«Маргинализация» поэзии в широком спектре «языкового письма» осмысляется в эссеистике Боба Перельмана, также выходца из Сан-Францисской школы и идеолога «языкового письма». Его программный текст «The Marginalization of Poetry» представляет собой мини-трактат, написанный в стихотворной форме. Точнее, стихотворная его форма рефлексивно подвергается критике, порой самоироничной, в самом его развертывании. В текстах, включенных в эту книгу, а также в книгу «The Trouble with Genius», реконструируется история и предыстория самого «языкового движения», причем методом реконструкции служит сама форма изложения. Эта гибридная форма критически-поэтического дискурса реализуется и в других сборниках Перельмана, таких как «Braille» и «a. k. a.», в которых предложения читаются и как поэтические строки, и как философские афоризмы. Перельман является автором одного из известнейших стихотворений «языковой поэзии» – «China», которое философ Фредерик Джеймисон приводил в пример нового постмодернистского сознания, реализованного в поэтической форме.
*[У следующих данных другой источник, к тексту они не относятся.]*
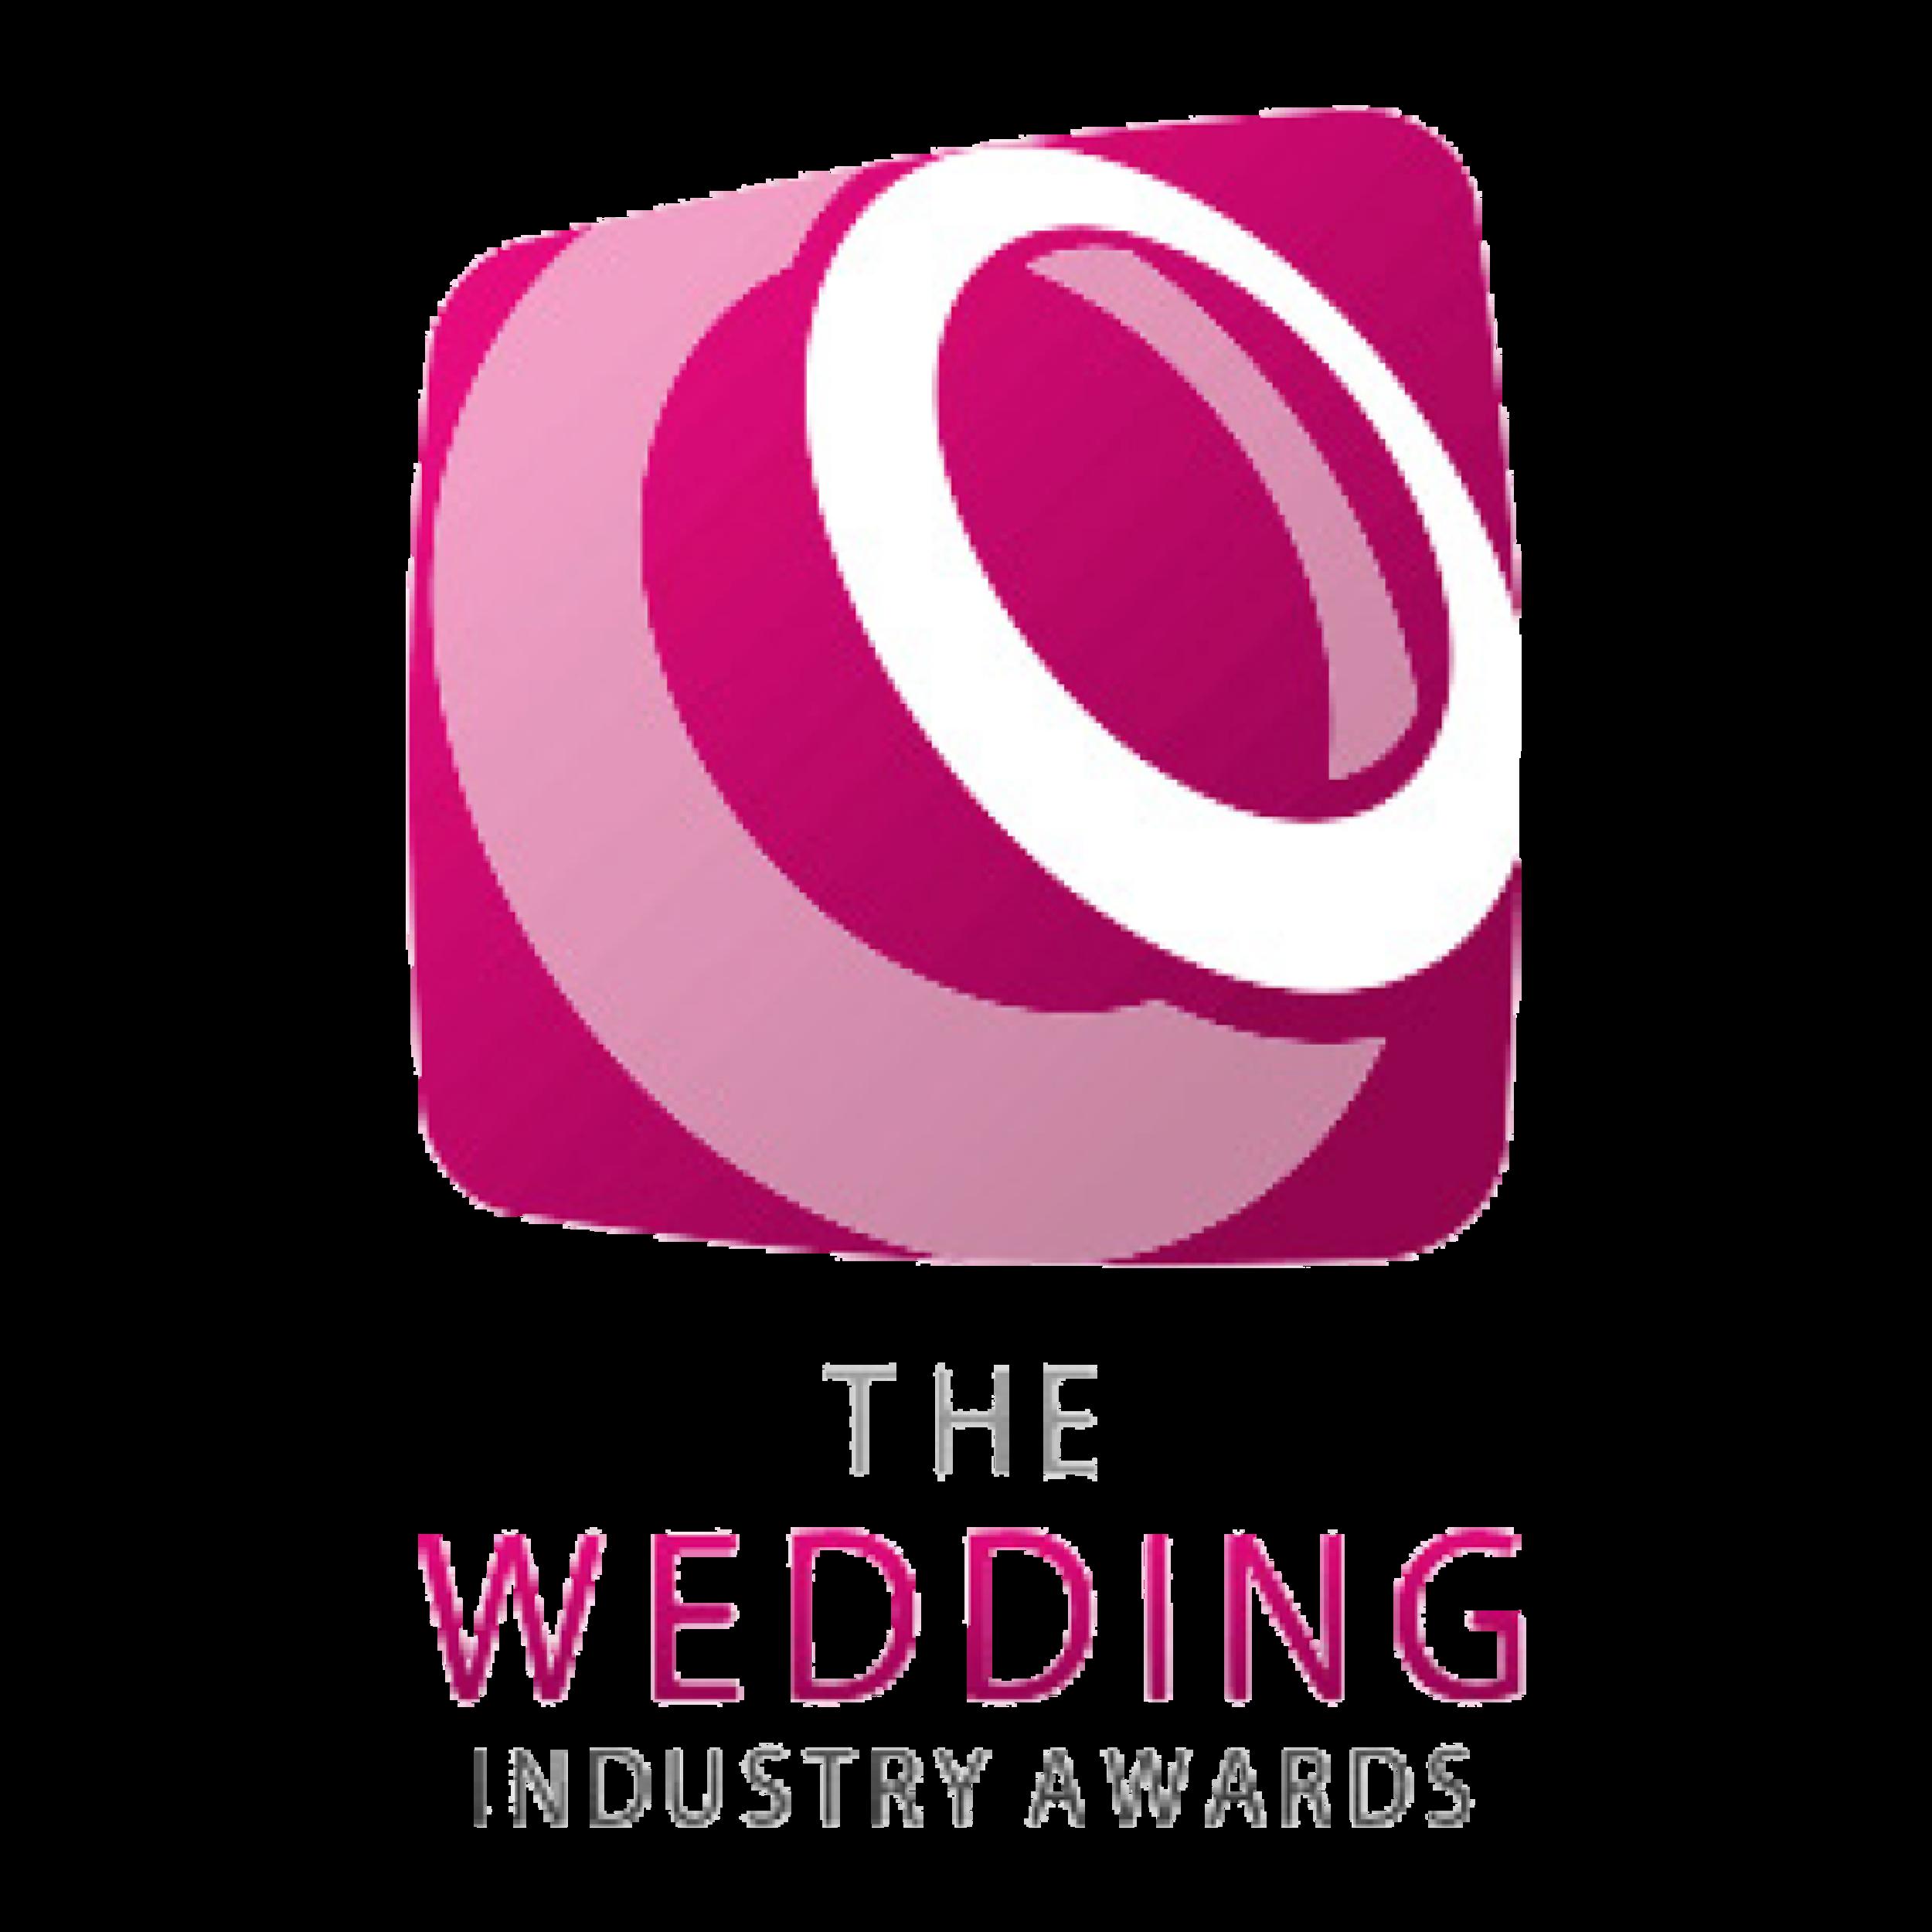 Terry Fox | The Wedding Industry Awards

Цитируя в одном из эссе лингвиста и политического публициста Ноама Хомского, Перельман выражает свой сатирический подход к политике языка: «Вопрос: как отличиться язык от диалекта? Ответ: язык – это такой диалект, у которого имеется армия и флот»[235]
. Критика языка как политического медиума свойственна практически всем представителям «языкового движения». В первом выпуске журнала «This» был напечатан манифест Р. Греньера «On Speech», сразу же обозначивший лингвистическую заостренность нового дискурса. Лозунгом стала фраза «I hate speech» («Я ненавижу речь») – речевой акт, направленный против речи, но в то же время из нее состоящий. Под вопрос был поставлен статус высказывания как такового, его принадлежность к речи или языку. Приоритет в этой дихотомии отдавался языку как пространству борьбы дискурсов, т. е. речей. Язык стал, таким образом, не только материалом литературного эксперимента и предметом критической рефлексии, но и инструментом преобразования мышления:Поэзия давала возможность вновь поставить вопрос о языке; именно в поэзии язык мог быть изобретен и помыслен заново. В нашем распоряжении оказался инструмент, в высшей степени пригодный для исследования внешнего и внутреннего, сокрытого и трансцендентного, материальной и метафизической логик – все это
Б. Уоттен описывает движение «языковых поэтов» как новый «поворот к языку»[237]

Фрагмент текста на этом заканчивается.